I agree. The “AI” goal prior to LLMs was a self-learning system that would develop its own pathways, etc. - what we have with the LLM “AI” of today is a very sophisticated search engine - it doesn’t have any inherent understanding of the knowledge it stores, and so it cannot compute that a response is incorrect by any sense(s).
From my experiences with chatgpt, it will “happily” admit it made an error, will “humbly” assure it will “try” to do better, and then promptly fail at the same task, because while its goal is not to please the user with its responses, it does intentionally misrepresent its abilities and the limits therein.
The random number example is proof of this - it claims to have given a number at random, but it demonstrably isn’t random. Yet it doesn’t admit that the number it gave is not actually random - it maintains the illusion of its integrity.
This is apposite, as will be seen when watched:
It’s interesting to note that several of the issues Sagan included in that course, are still high on the agenda today, and the video also covers the malign influence of LLMs on critical thinking.
It works by comparing (A)the information it was trained on (which is supposed to come from humans, and it assumed to 100% accurate…), v.s. (B)its own created model.
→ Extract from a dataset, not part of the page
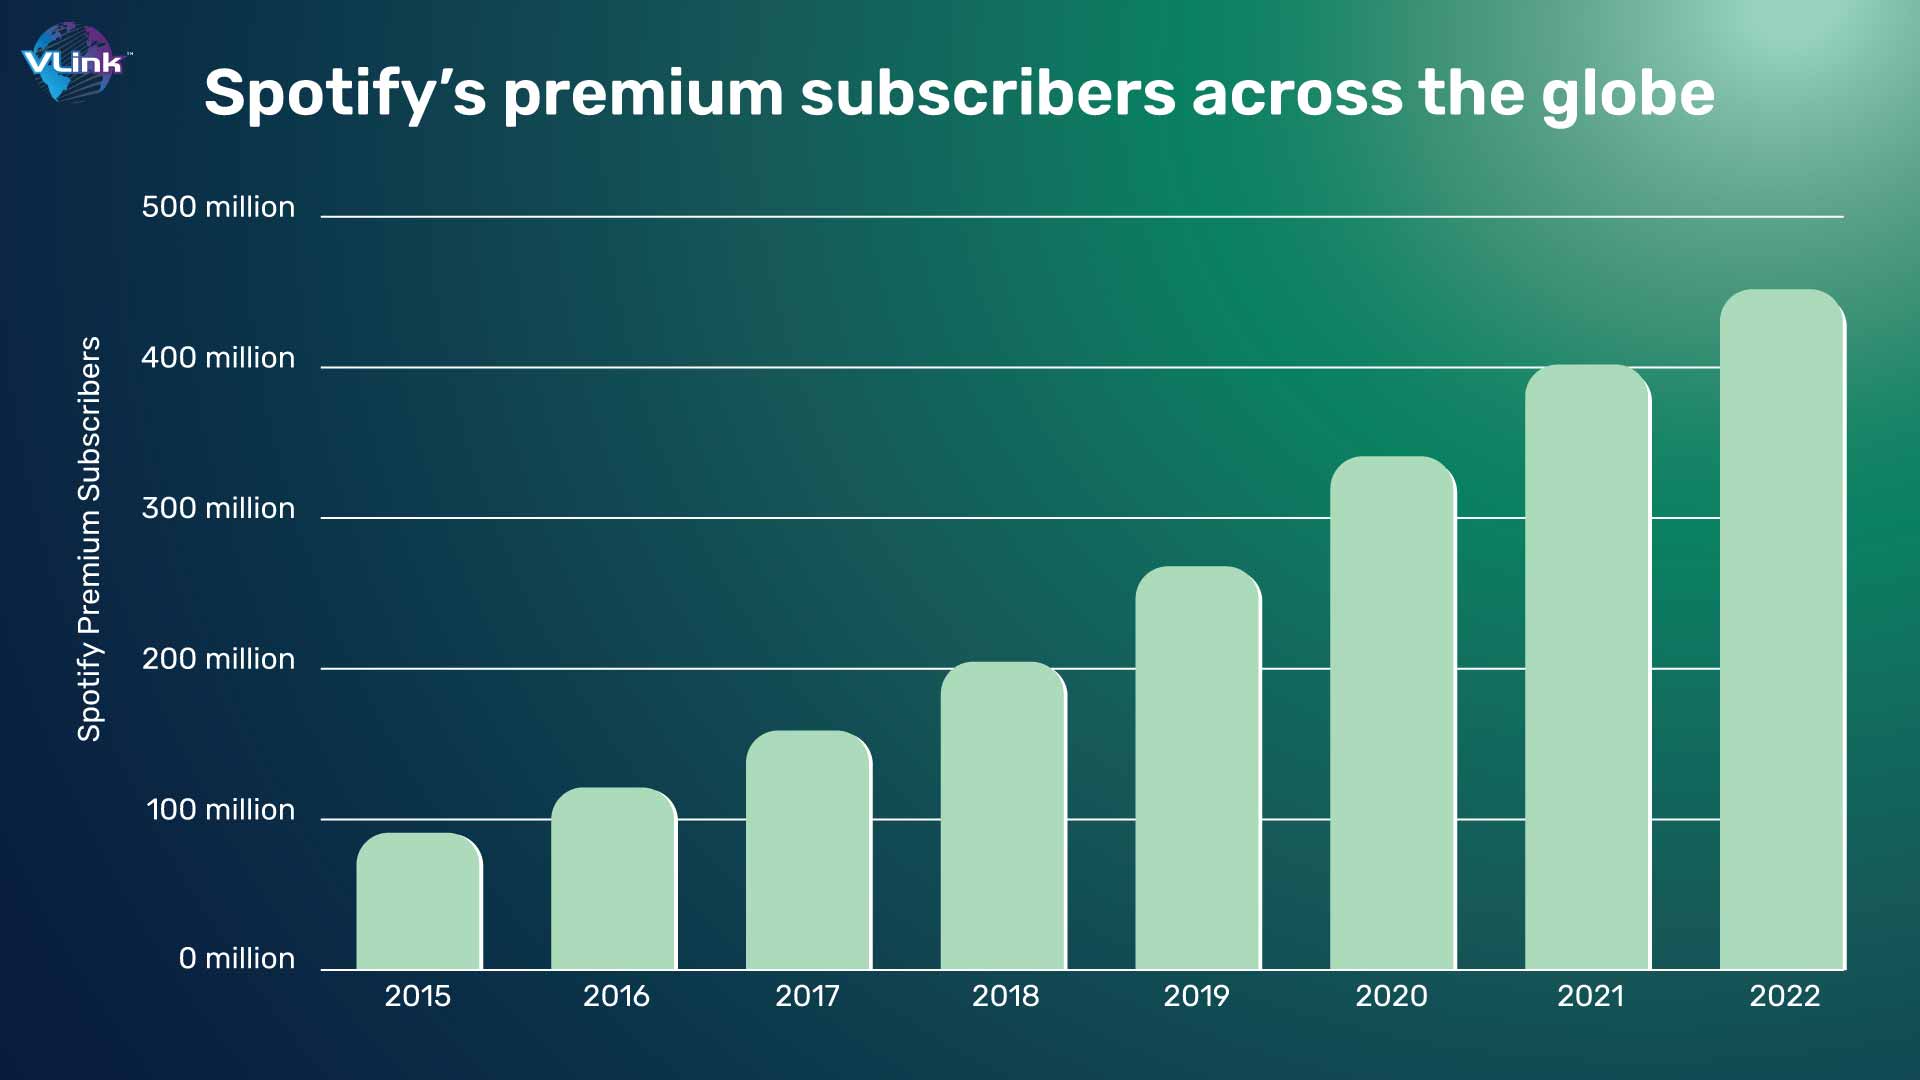 Spotify’s premium subscribers across the globe
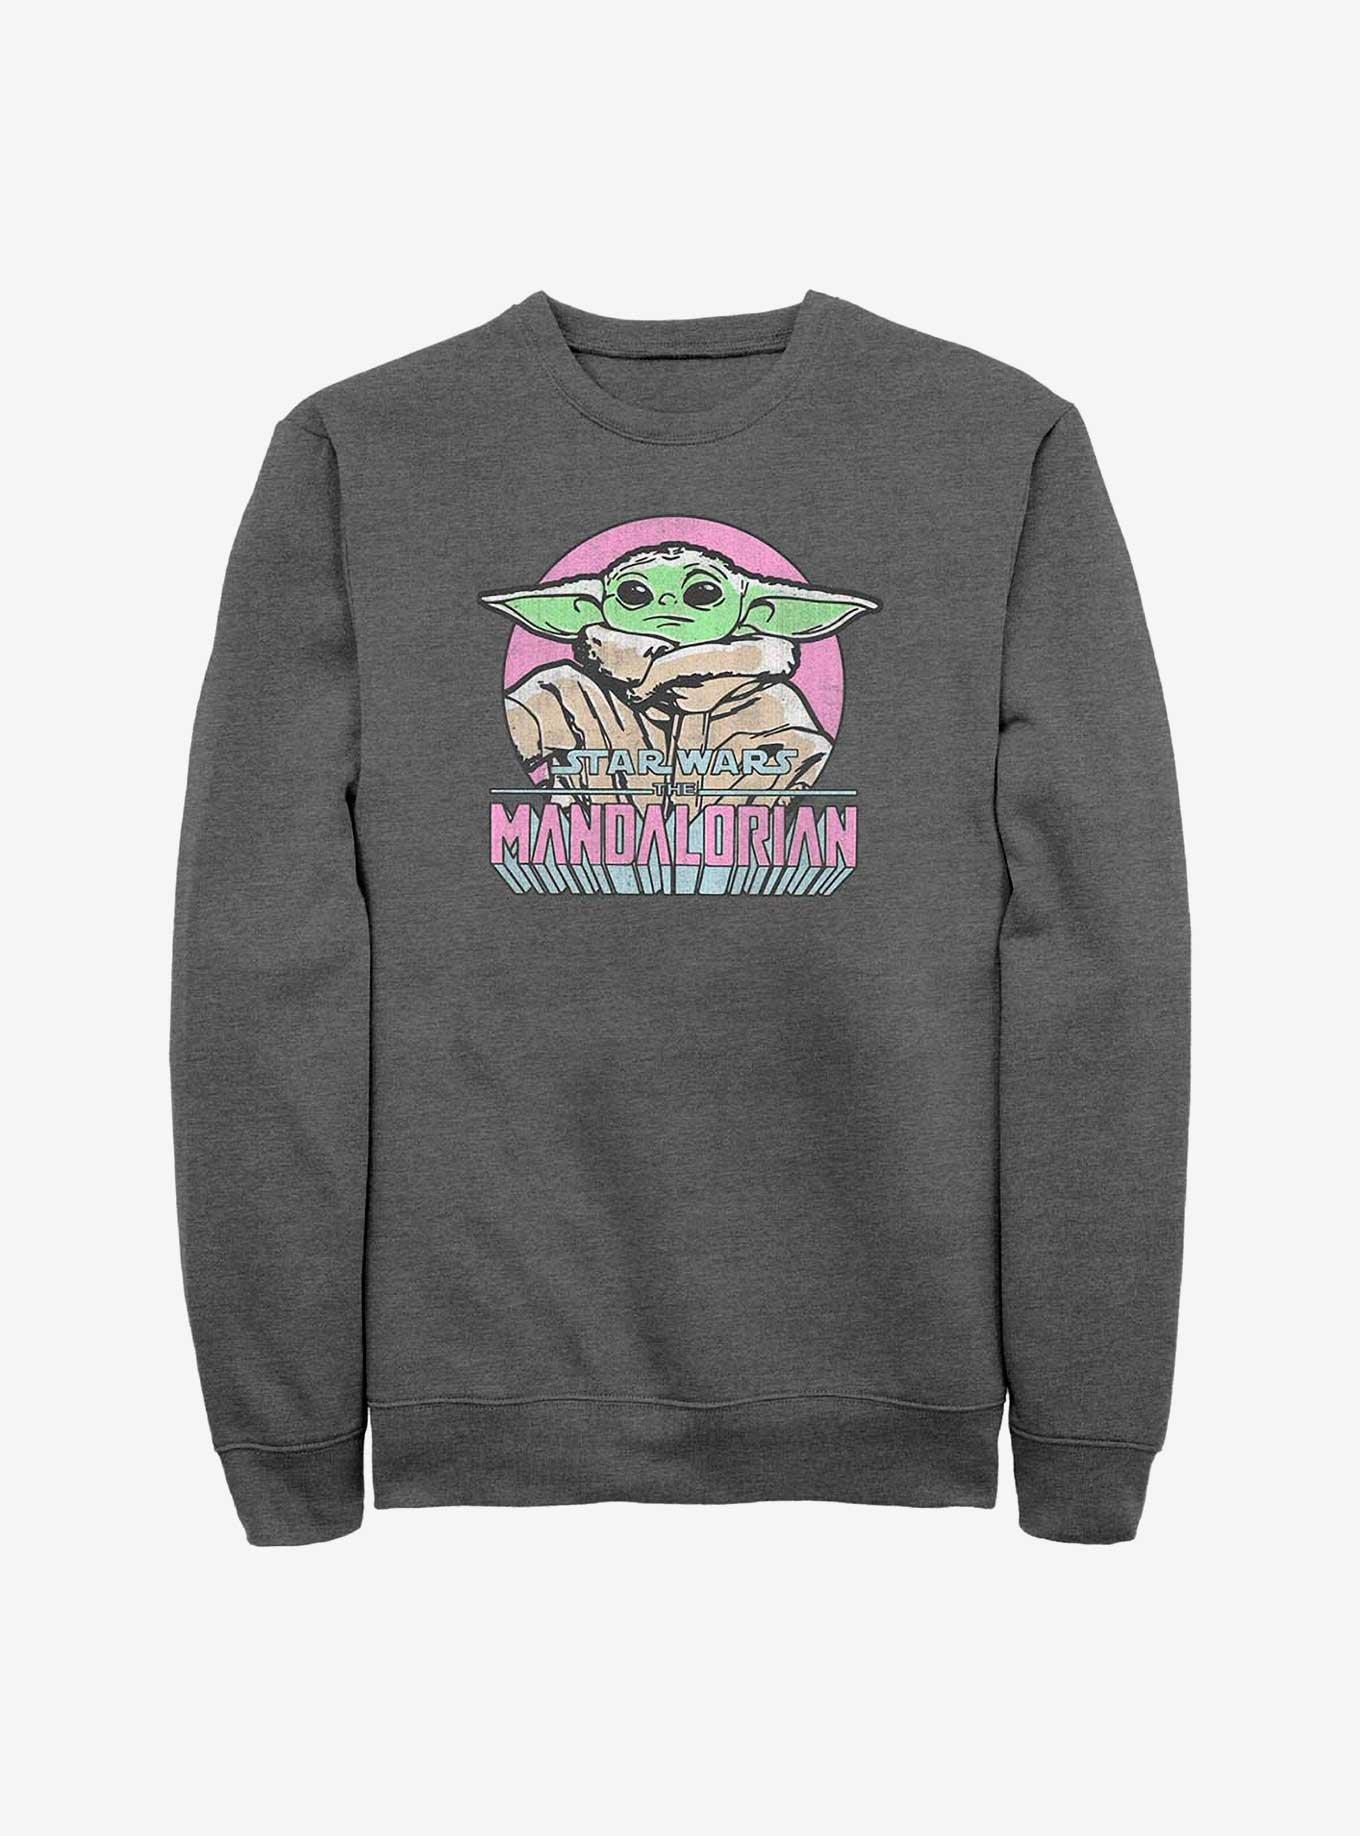 Star Wars The Mandalorian Child Sweatshirt

It then calculates an error function (C) basically the sum of |A - B|, for every point of data in its training.
It then alters its model by changing it in a small way that will reduce C (over and over again), The model it finds that creates the smallest C is the one it uses when you ask it a question.
Another problem with this setup, as people post more and more AI output, it is getting used by other AI’s as part of their input (A), which is assumed to be 100% correct…
My OCD tapped me on the shoulder, demanding I should comment with a minor nitpicking detail: The comparison is between A and the output of model B. So C is the sum of all |A-B(A)| for all input data points.